#### Assignment:
Retype the entries exactly, but skip the pictures.

++++++++

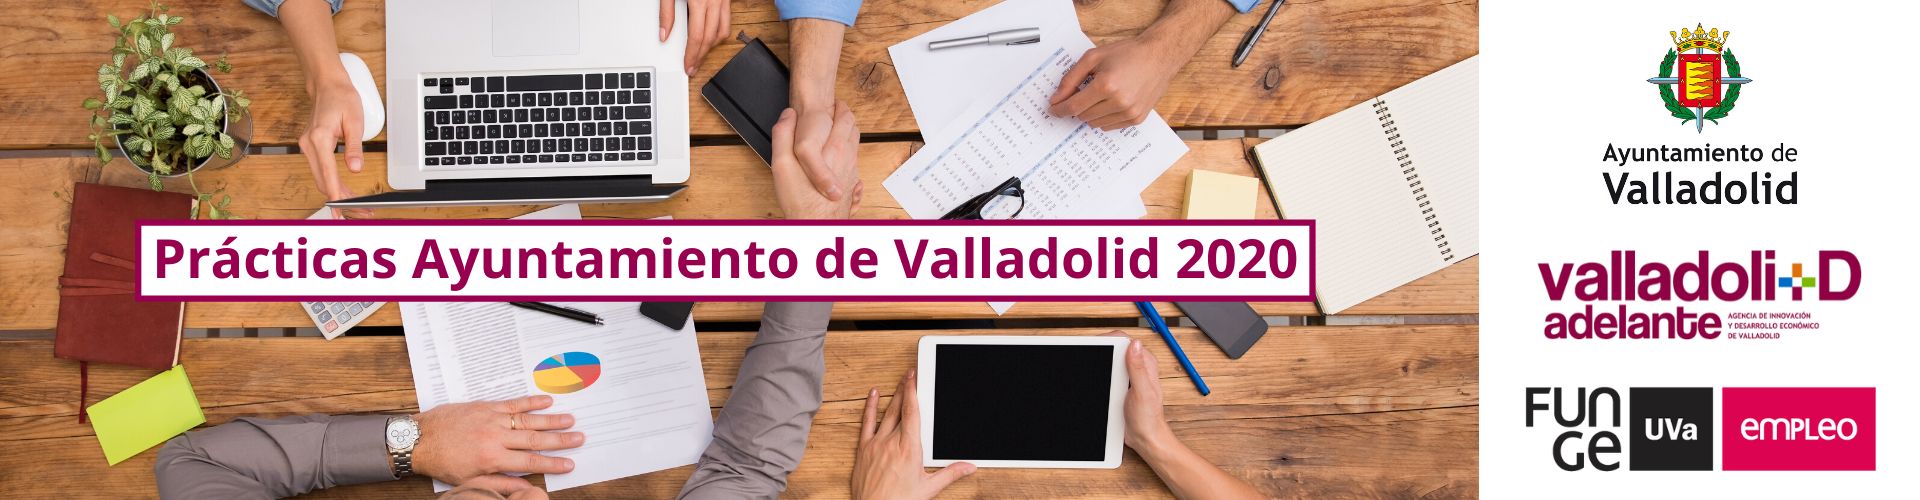 Programa de prácticas no laborales 2020 Funge UVa Ayuntamiento de Valladolid Valladolid Adelante1
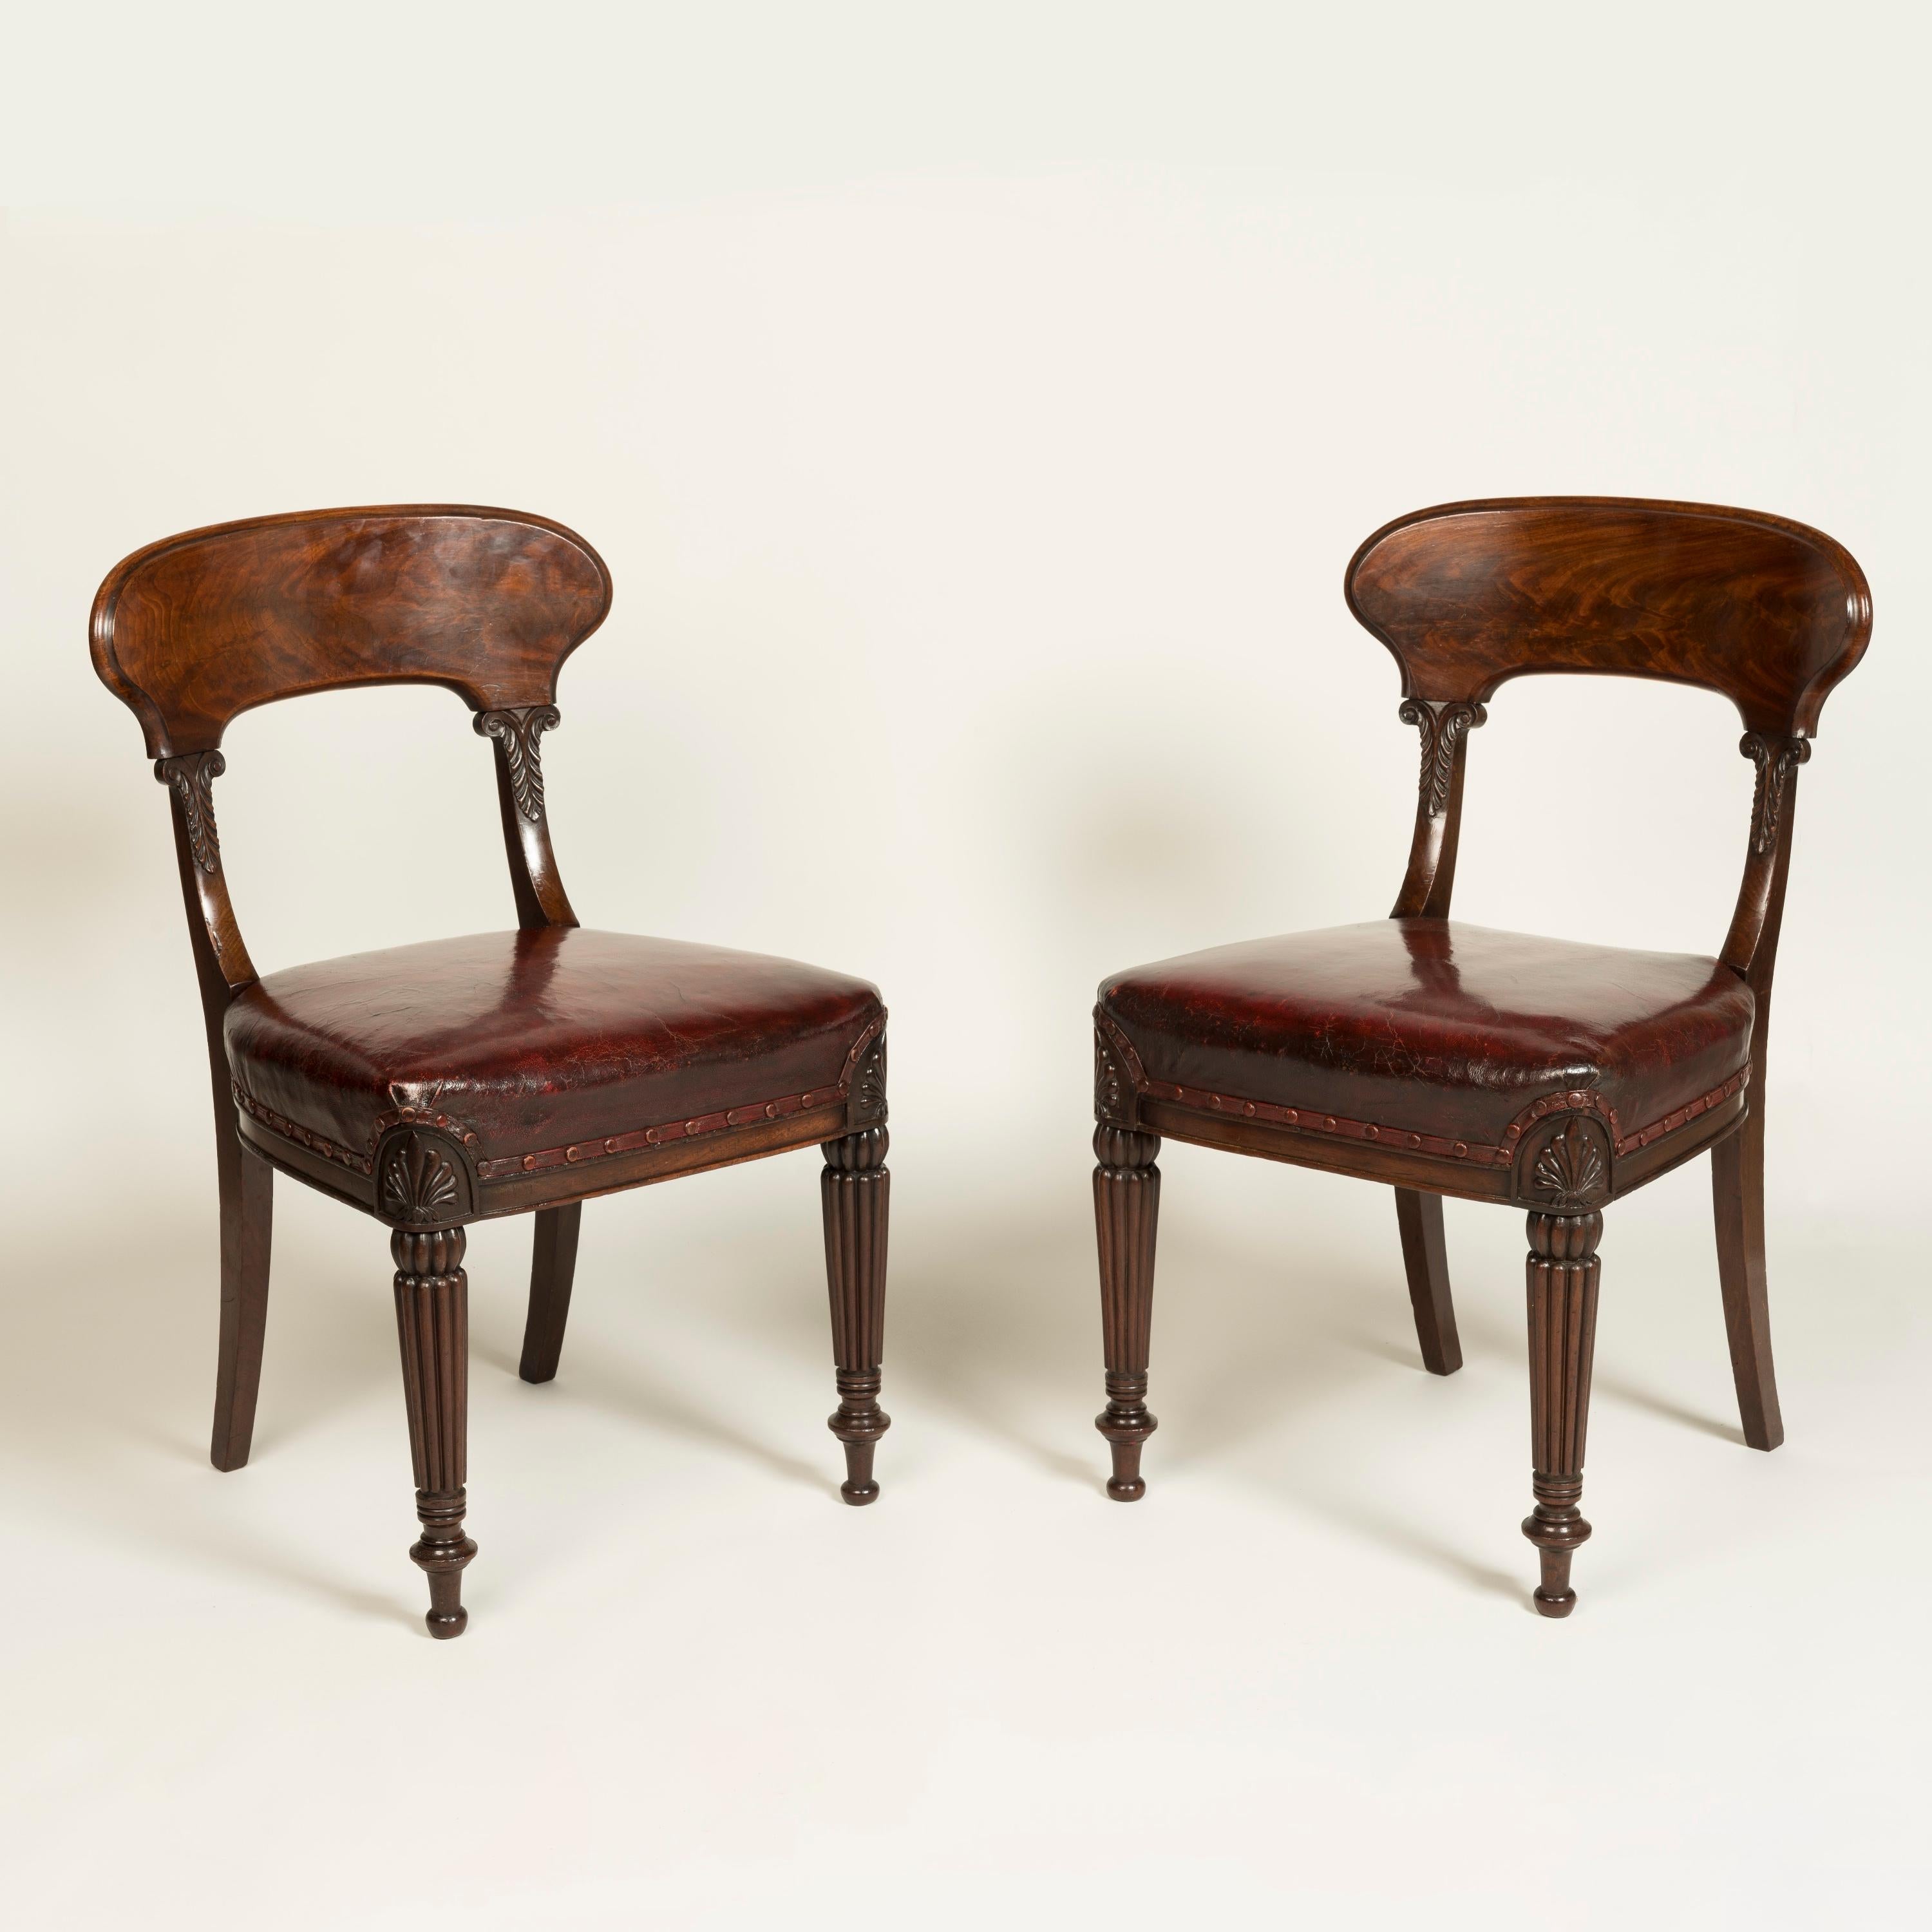 Un bel ensemble de douze chaises de salle à manger George IV
Attribué à Gillows of London & Lancaster

Construit en acajou cubain flammé, avec des détails sculptés à la main ; reposant sur des pieds avant fuselés, tournés et cannelés, chapeautés par
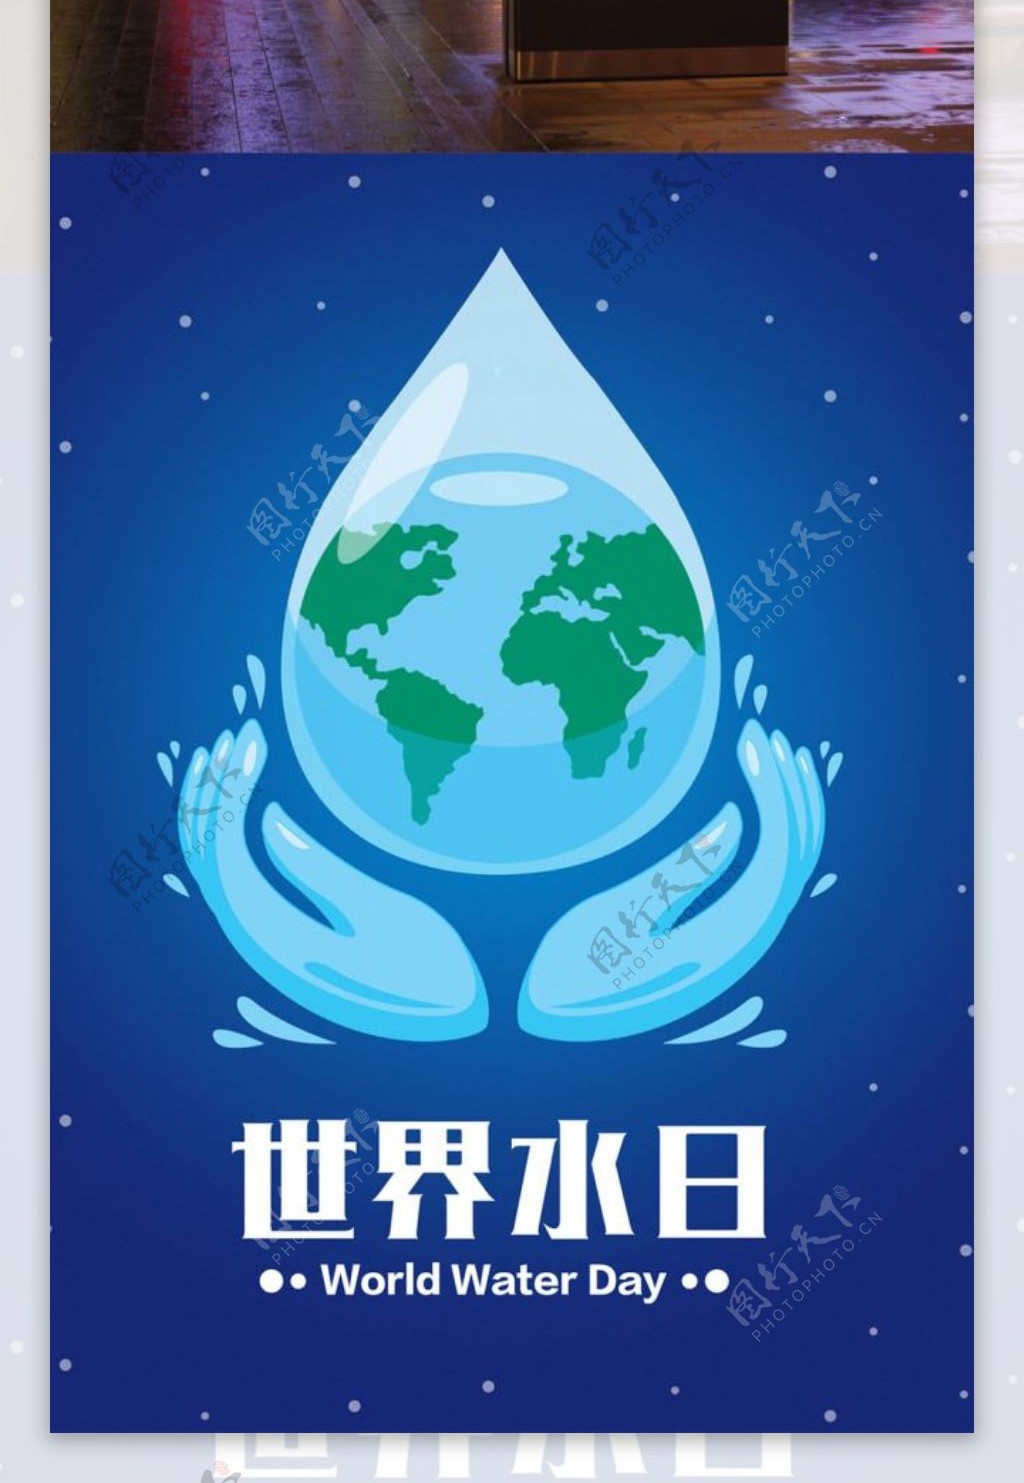 322世界水日海报公益宣传公益

++++++++

#### Task output:
 Programa de prácticas no laborales 2020 Funge UVa Ayuntamiento de Valladolid Valladolid Adelante1
 Un bel ensemble de douze chaises de salle à manger George IV
Attribué à Gillows of London & Lancaster

Construit en acajou cubain flammé, avec des détails sculptés à la main ; reposant sur des pieds avant fuselés, tournés et cannelés, chapeautés par
 322世界水日海报公益宣传公益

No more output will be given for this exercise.